Маркиз свирепо нахмурился, и Хок вдруг понял, откуда у него самого эта грозная мина. Он, конечно, много над ней работал, но в своем изначальном виде она была не чем иным, как фамильной чертой. Ему стало любопытно, получит ли его сын в наследство такое вот выражение лица.
— Напрасно ты так ведешь себя, Хок.
— Послушай, отец, я до смерти устал от всех этих сложностей! Если тебя так заботит каждая мелочь в моих отношениях с Фрэнсис, почему ты сам на ней не женился?
— Эта мысль приходила мне в голову, — невозмутимо ответил маркиз.
Хок удивленно заморгал.
— Меня остановило такое соображение: быть связанной узами брака со стариком — не самая лучшая судьба для молодой леди.
— С богатым стариком, — насмешливо уточнил Хок. — Полагаю, граф Рутвен приветствовал бы такого жениха с распростертыми объятиями.

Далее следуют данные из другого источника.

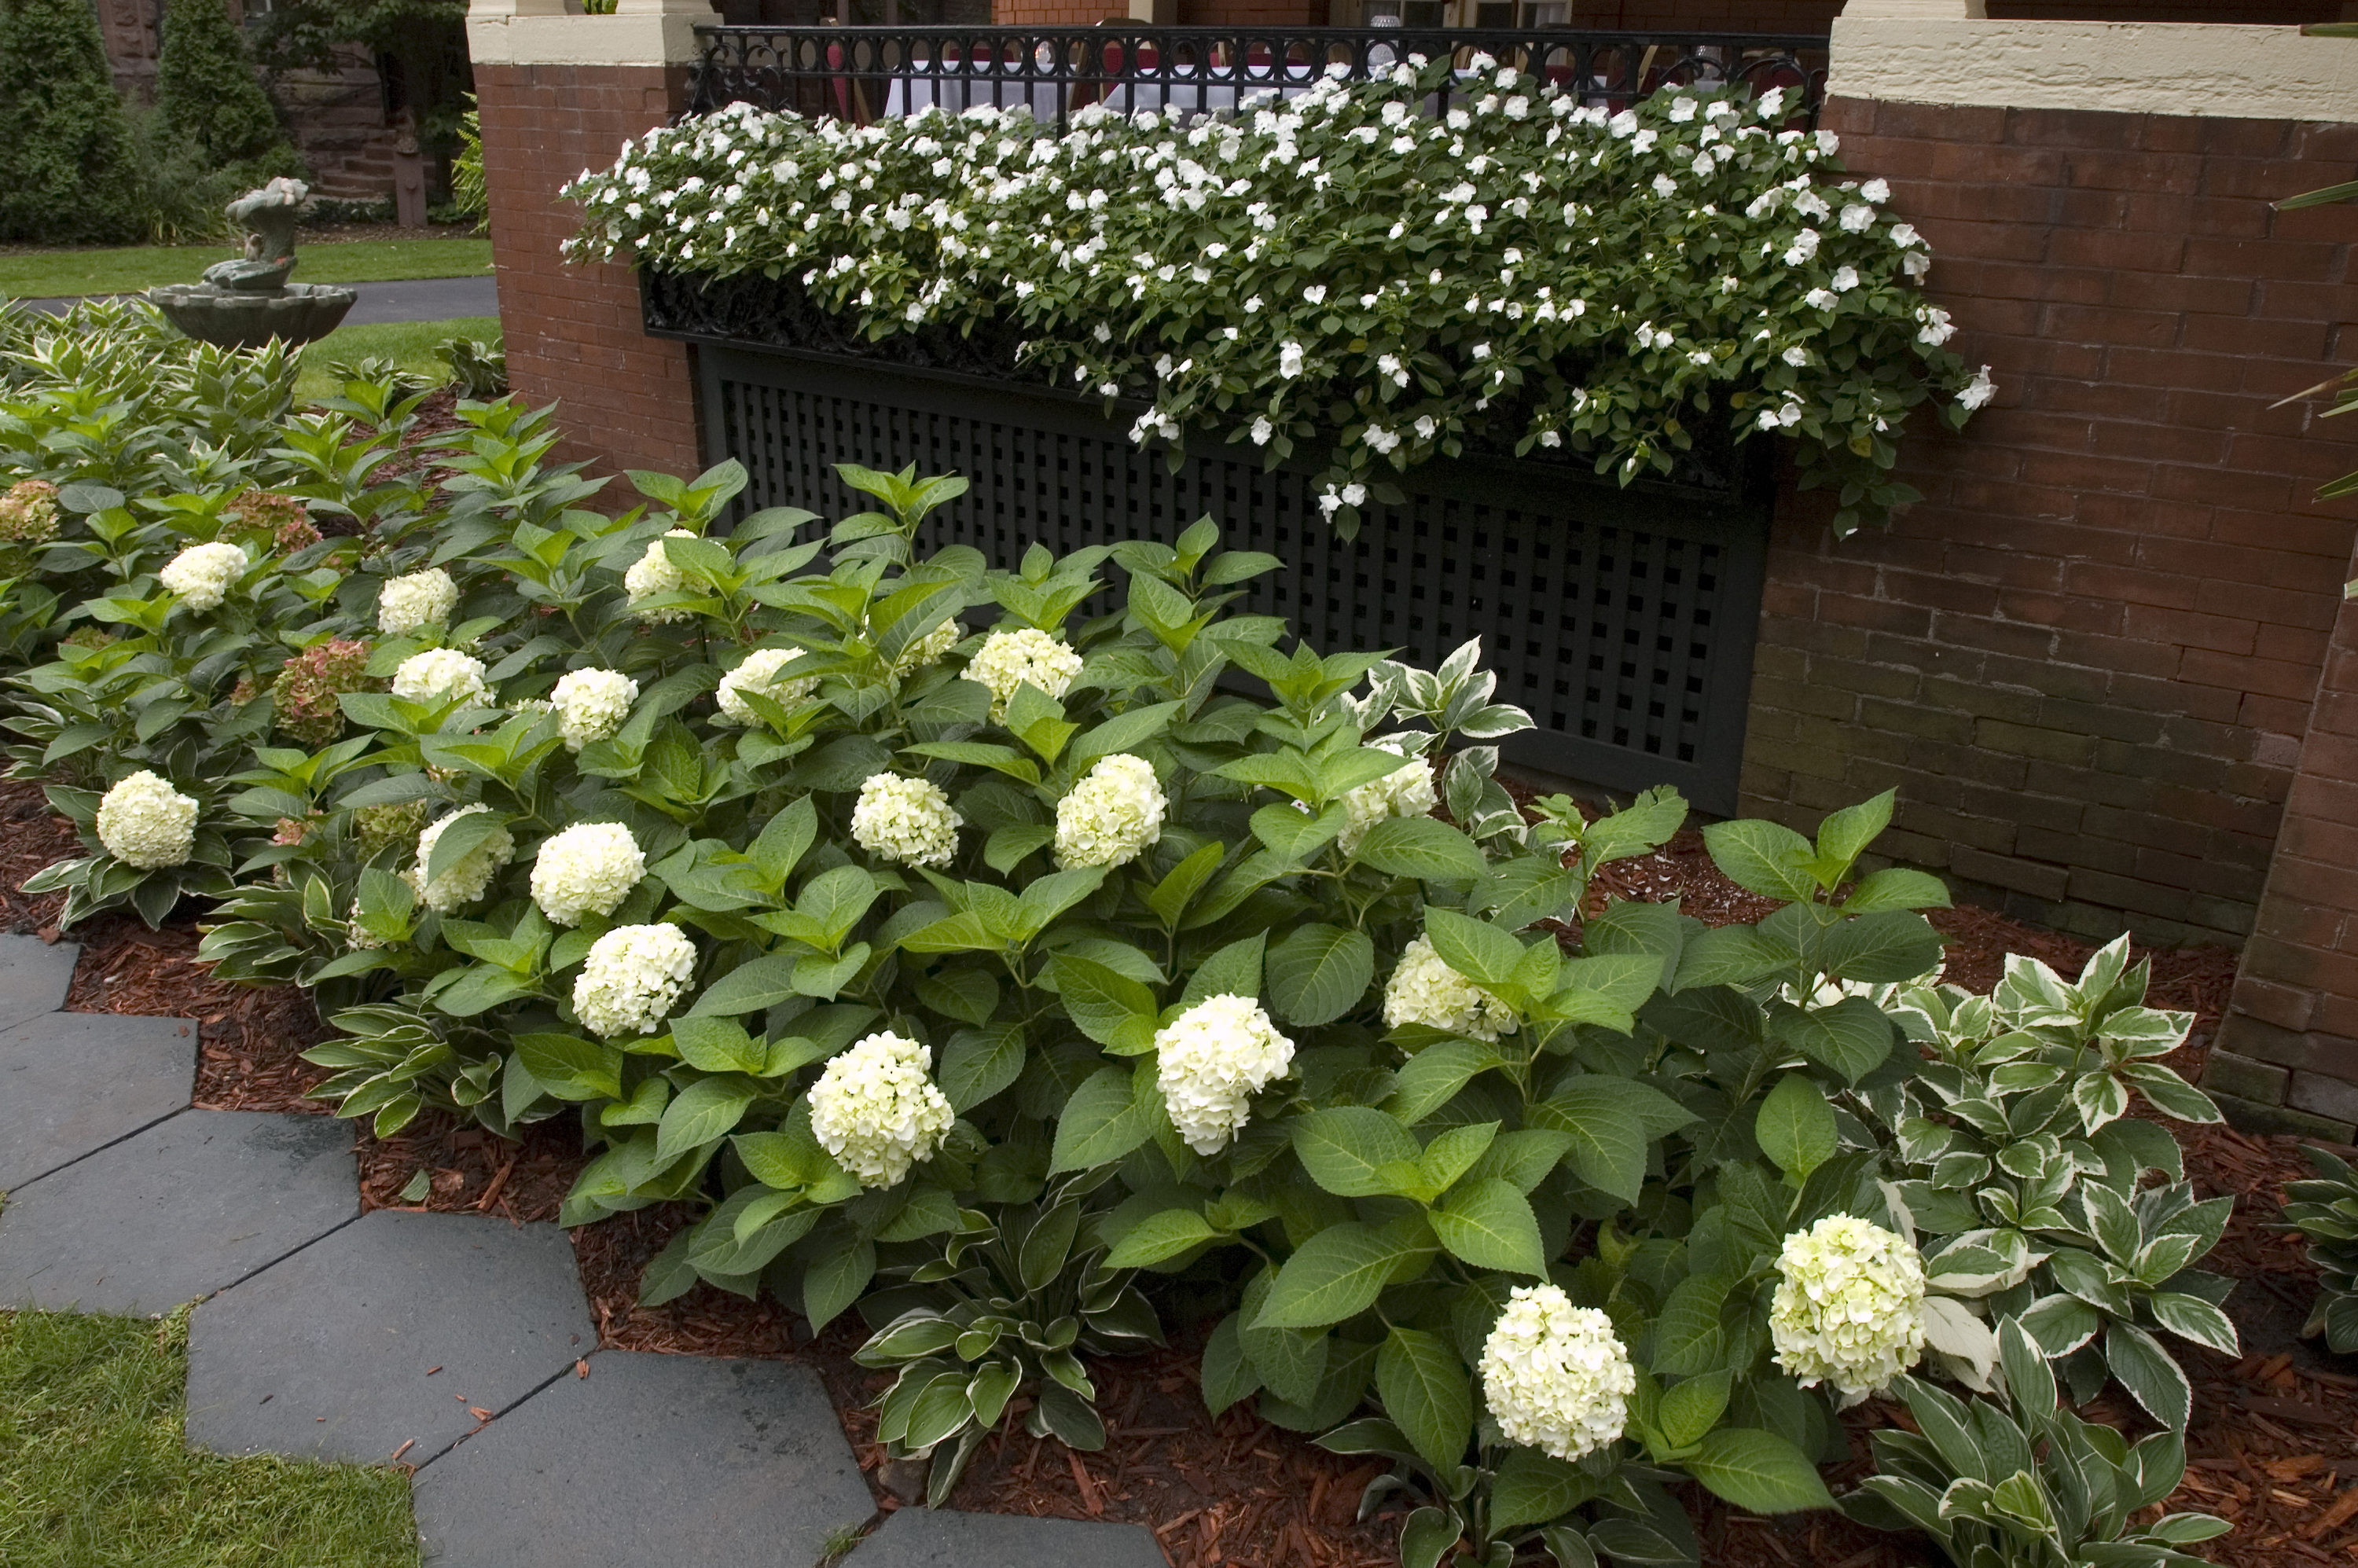 Blushing Bride® Hydrangea - 3 gallon container – Lots of Plants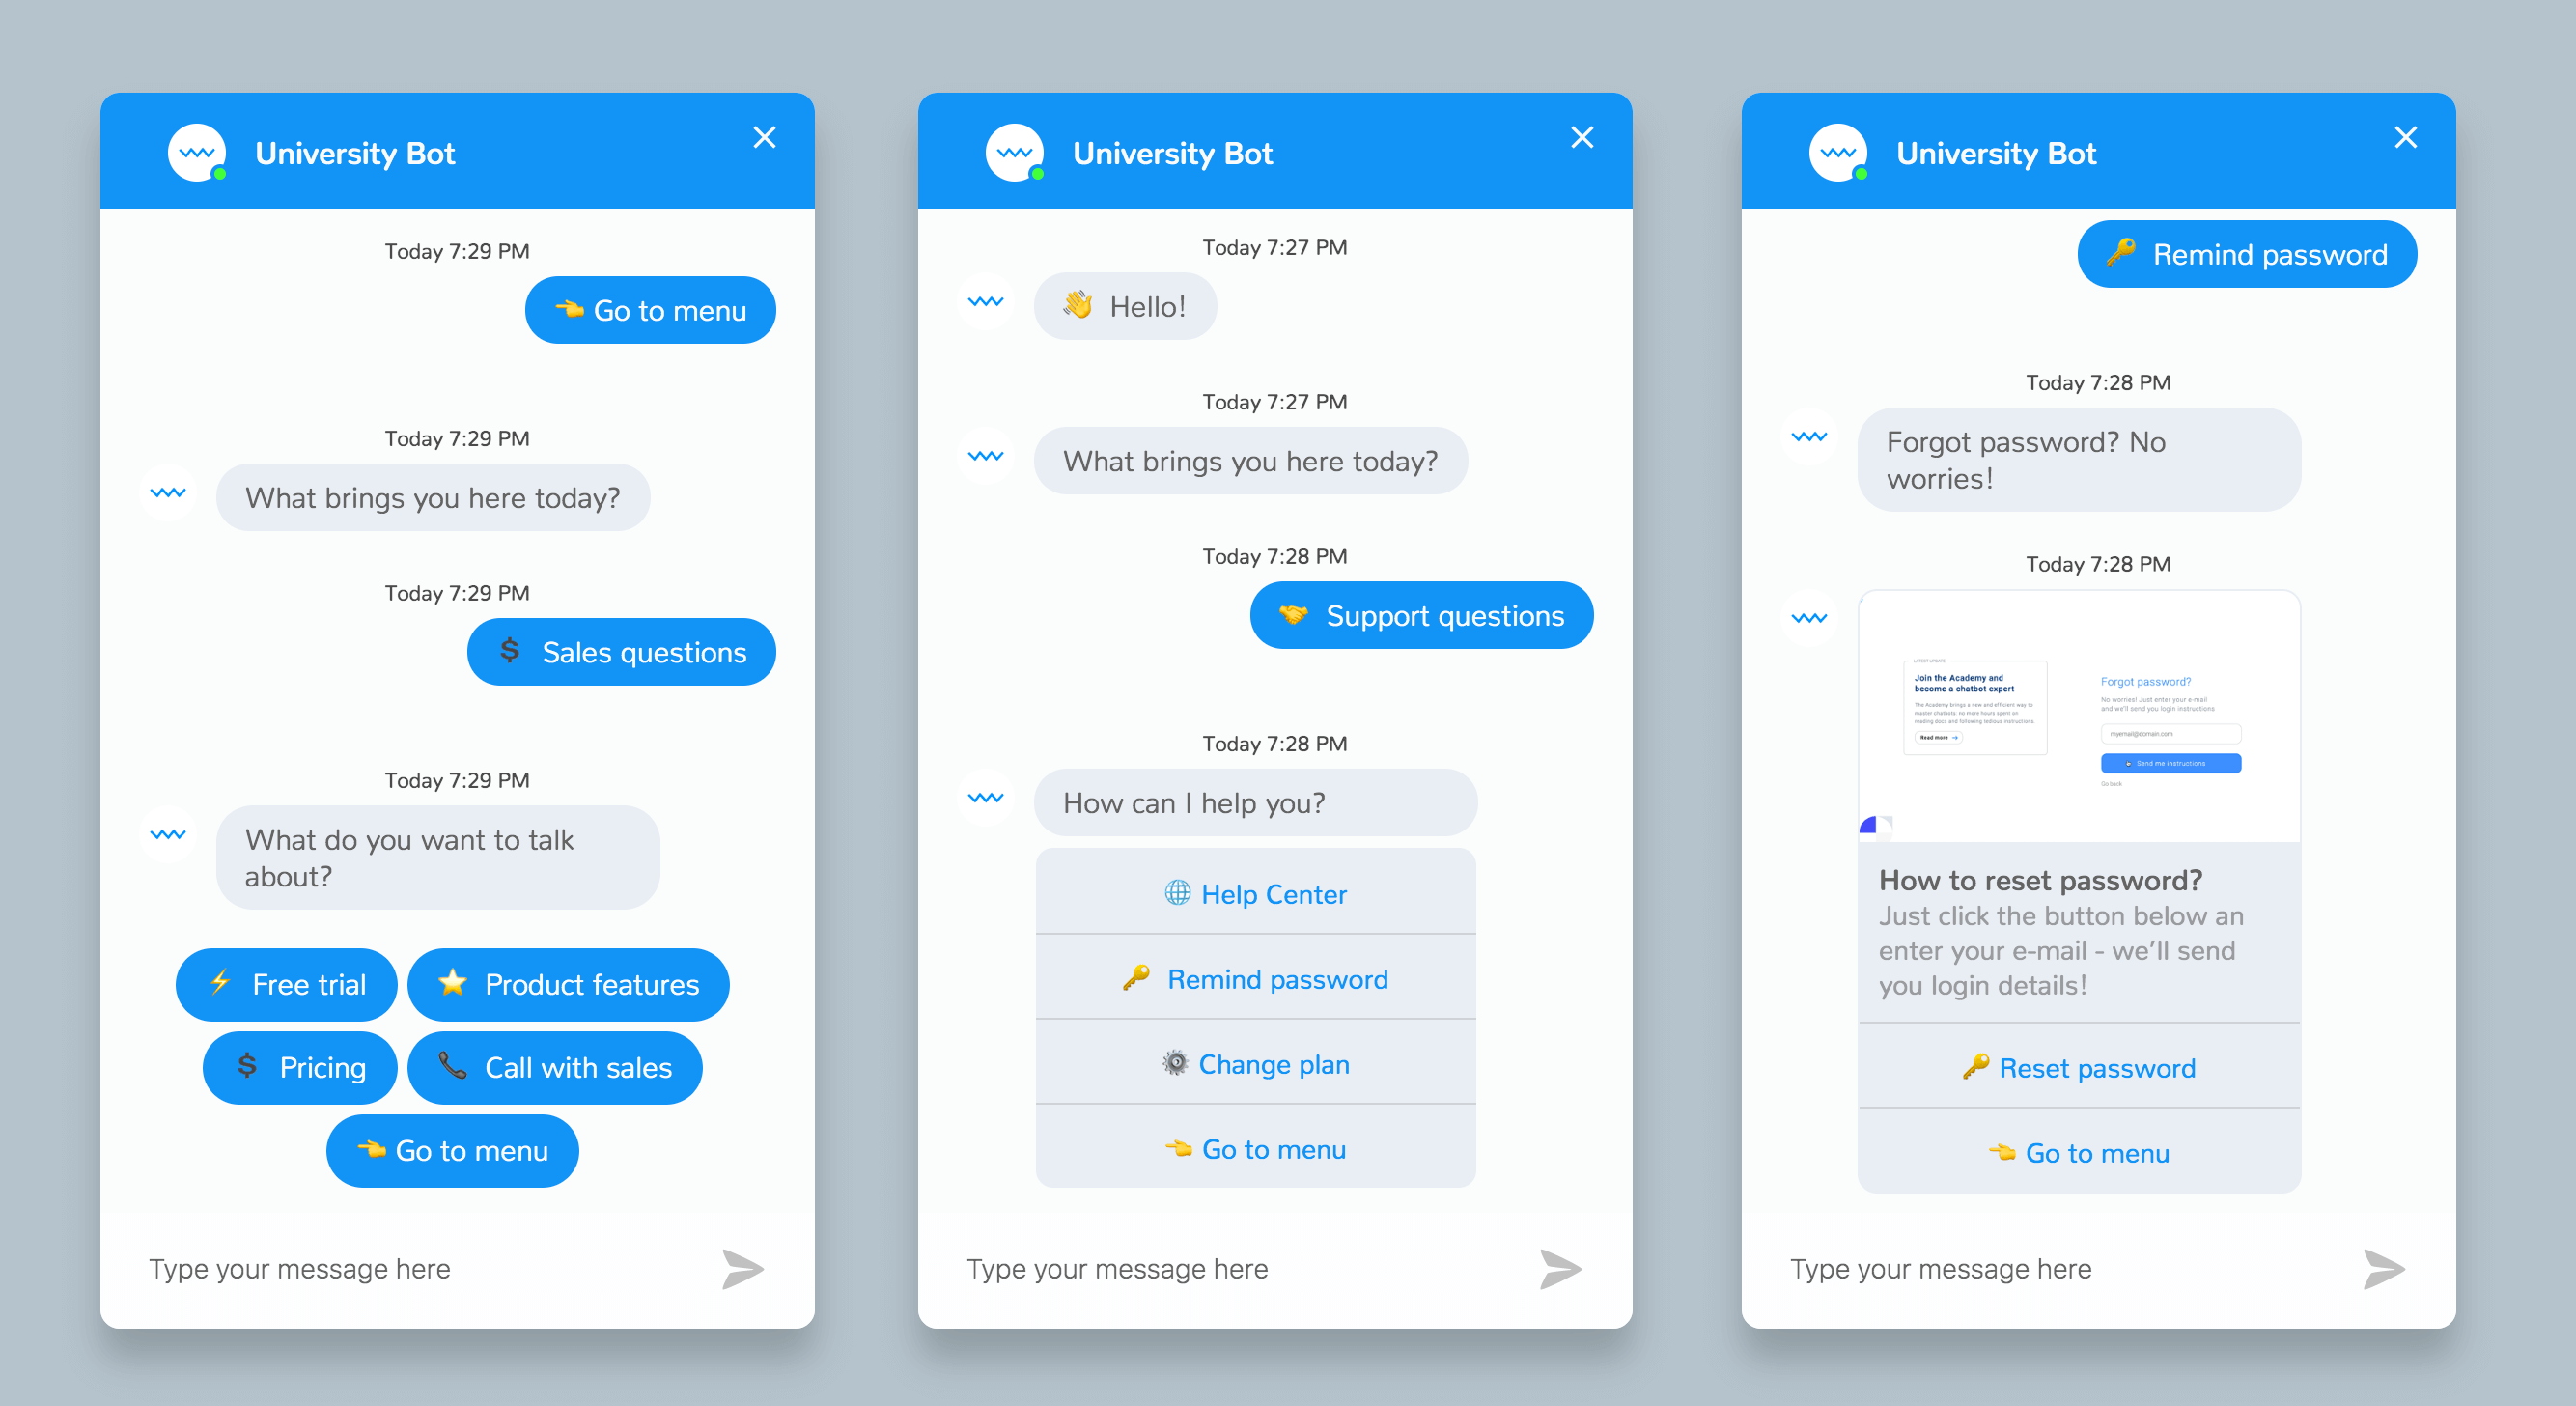 Customer Service chatbot that helps with sales and support queries

— Вот что я скажу тебе, сынок: до сегодняшнего дня я был уверен, что ты унаследовал мой ум, а не куриные мозги твоей матери.
С этими словами маркиз круто повернулся и вышел из гостиной.
Хок вернулся к вечеру и сразу прошел в кабинет нового управляющего имением, Маркуса Карутерса, честолюбивого неглупого молодого человека, сына викария. Его воображение так и бурлило от идей, касающихся преобразований в Десборо-Холле.
— Итак? — поощрил Хок, усаживаясь за необъятный стол красного дерева, занимавший весь угол кабинета.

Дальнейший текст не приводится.